HOW TO COMPLETE THIS TASK
Copy, word for word, the lines below from the one containing "Asymmetric Cryo-EM Reconstruction" up to and including the one containing "3 Master Airbrush", with pictures left out.

-- GIVEN ENTRIES follows --

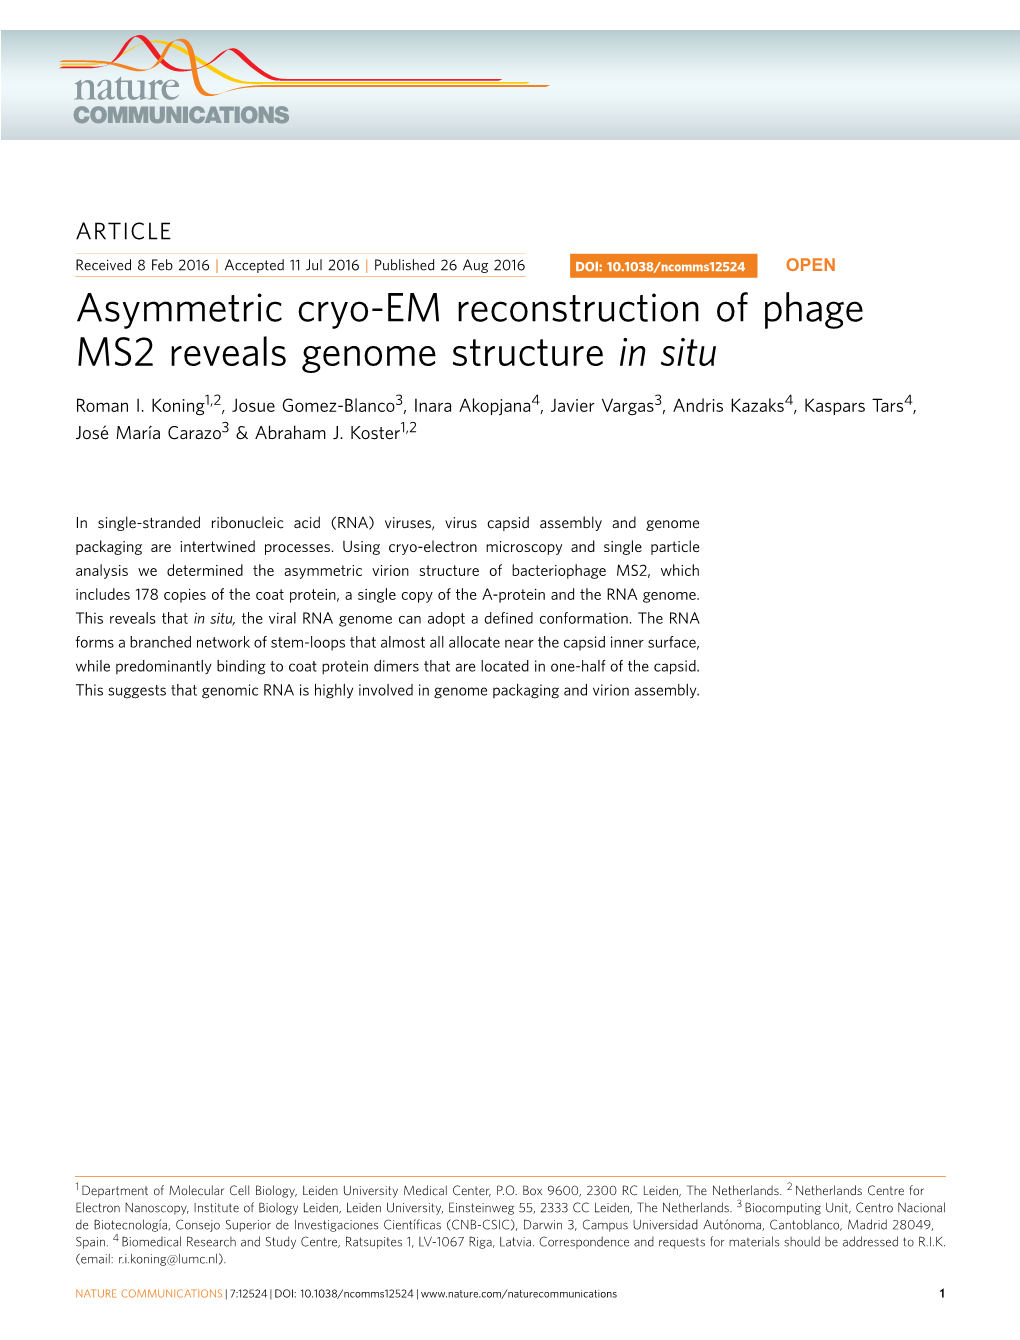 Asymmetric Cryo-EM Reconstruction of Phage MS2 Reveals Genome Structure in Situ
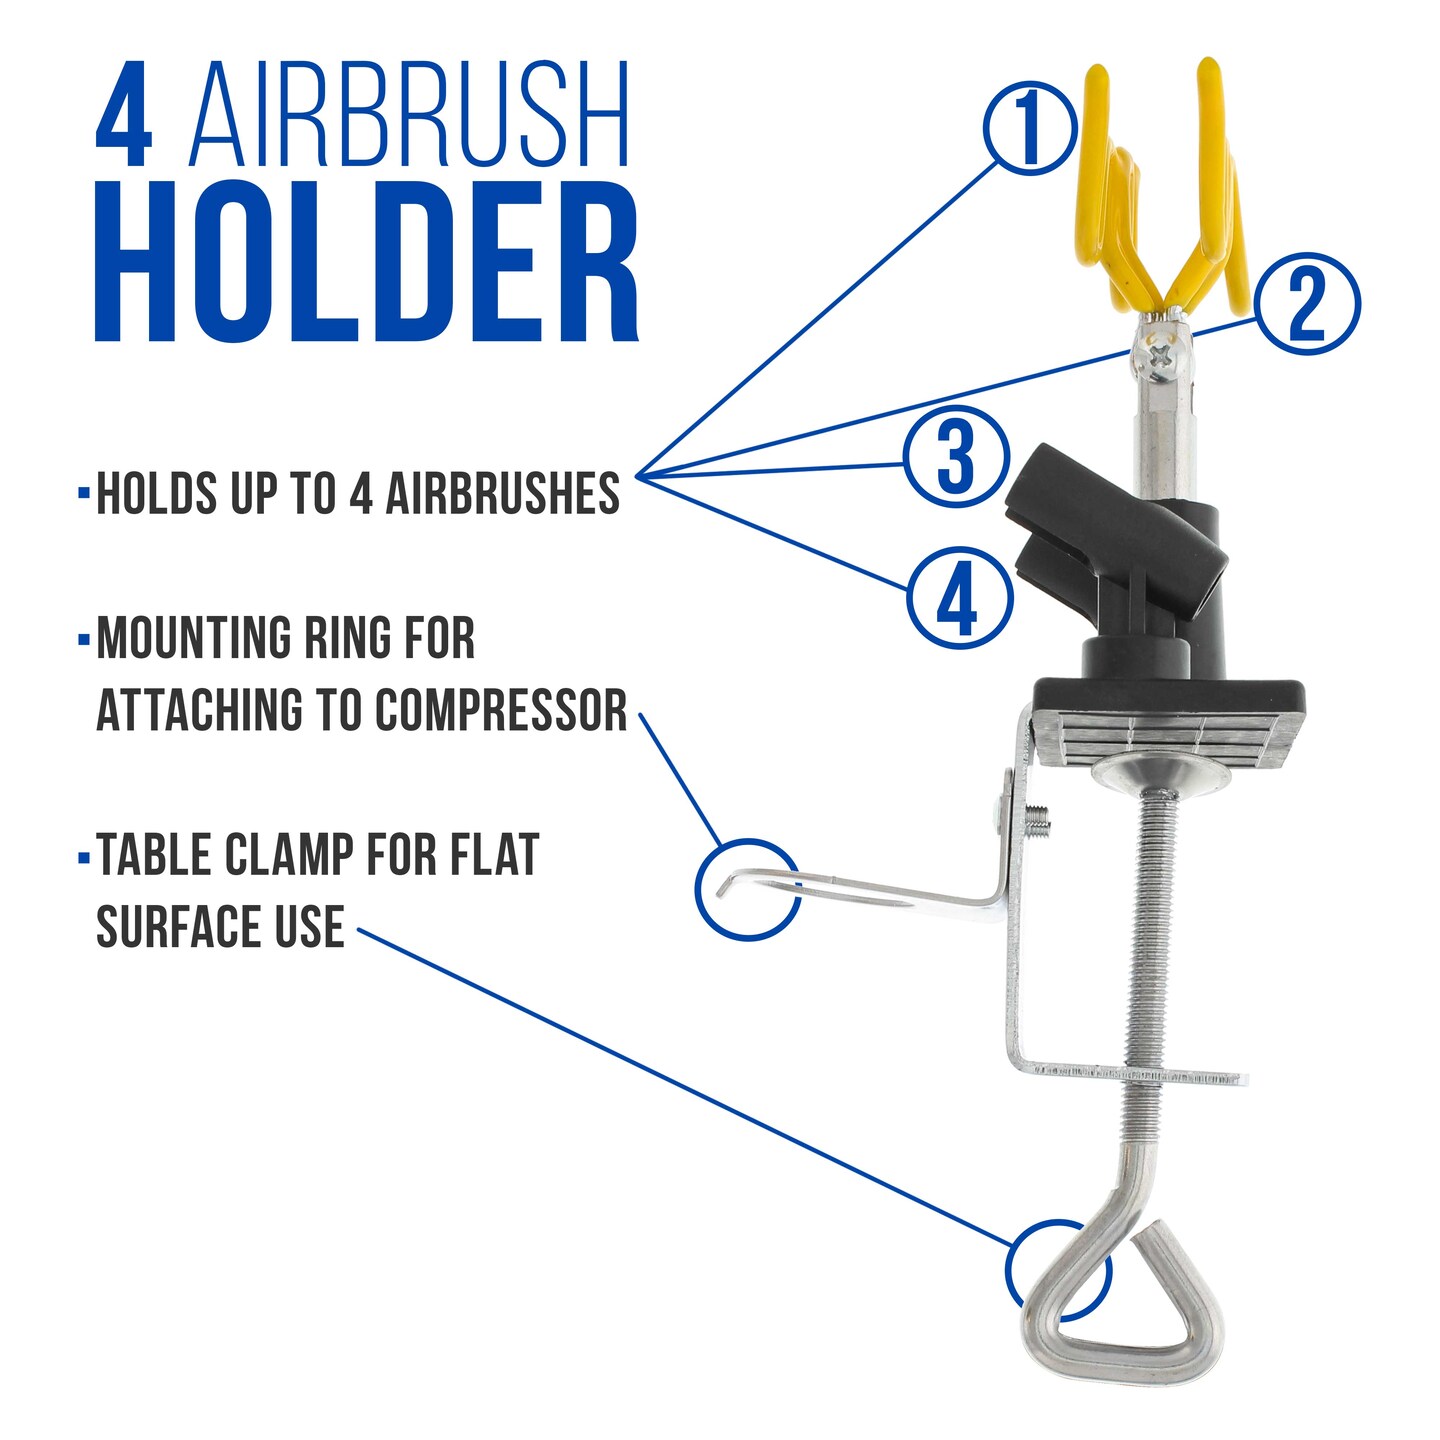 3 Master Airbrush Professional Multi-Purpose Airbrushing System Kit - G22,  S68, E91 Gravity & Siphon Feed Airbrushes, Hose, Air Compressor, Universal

-- GIVEN ENTRIES concluded --
-- GIVEN ENTRIES follows --

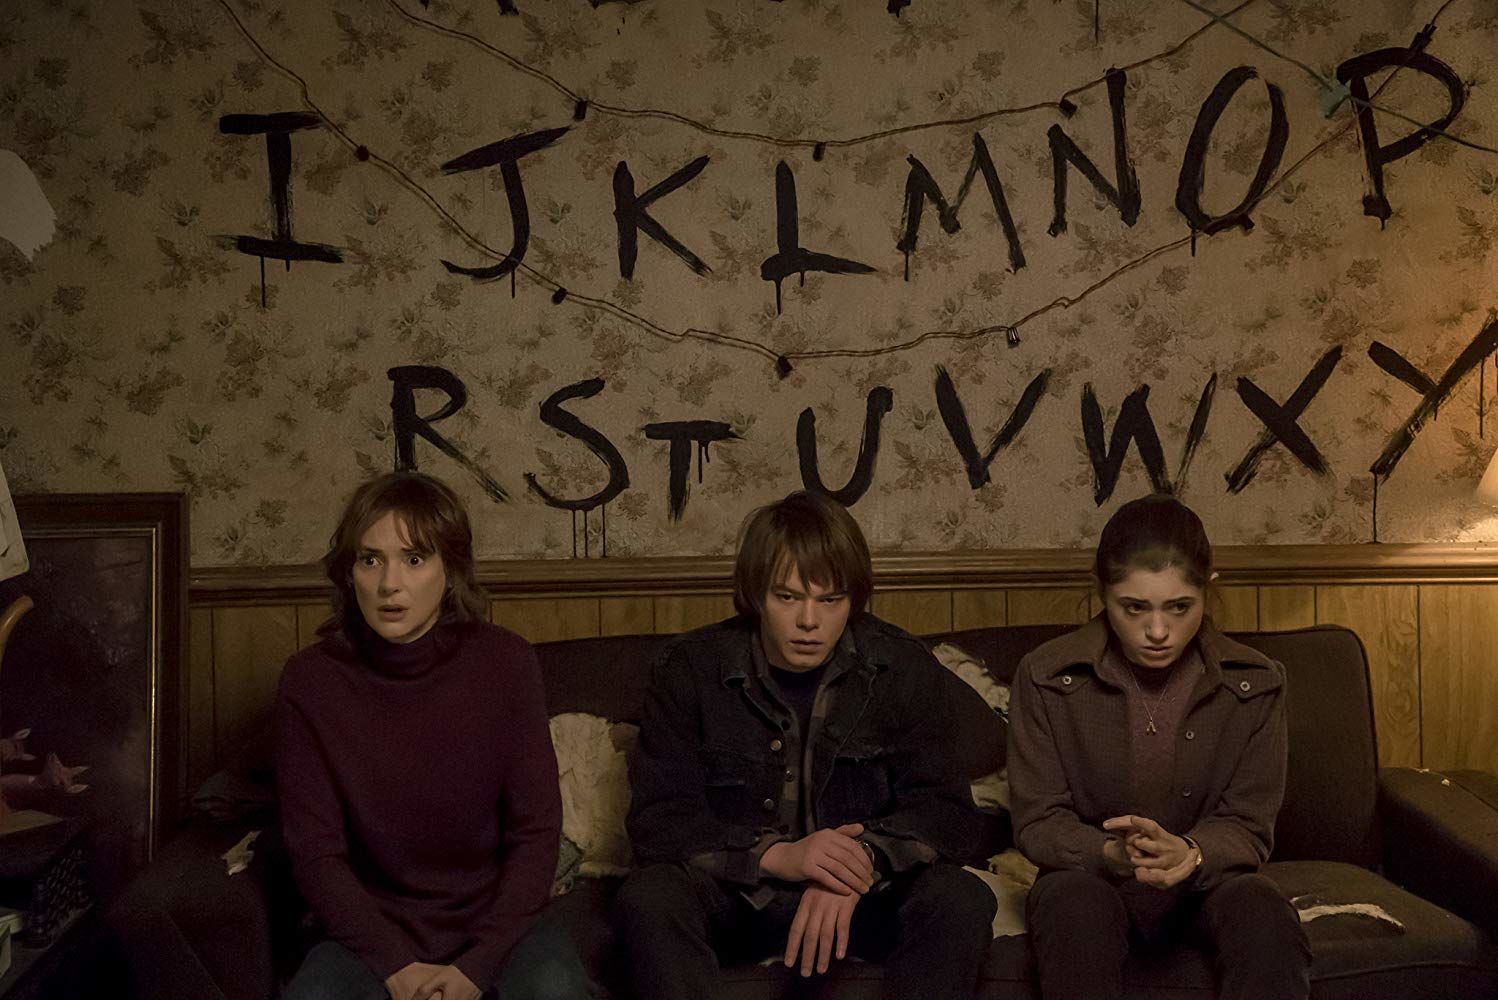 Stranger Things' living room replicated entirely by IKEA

-- GIVEN ENTRIES concluded --

WRITTEN RESPONSE
 Asymmetric Cryo-EM Reconstruction of Phage MS2 Reveals Genome Structure in Situ
 3 Master Airbrush Professional Multi-Purpose Airbrushing System Kit - G22,  S68, E91 Gravity & Siphon Feed Airbrushes, Hose, Air Compressor, Universal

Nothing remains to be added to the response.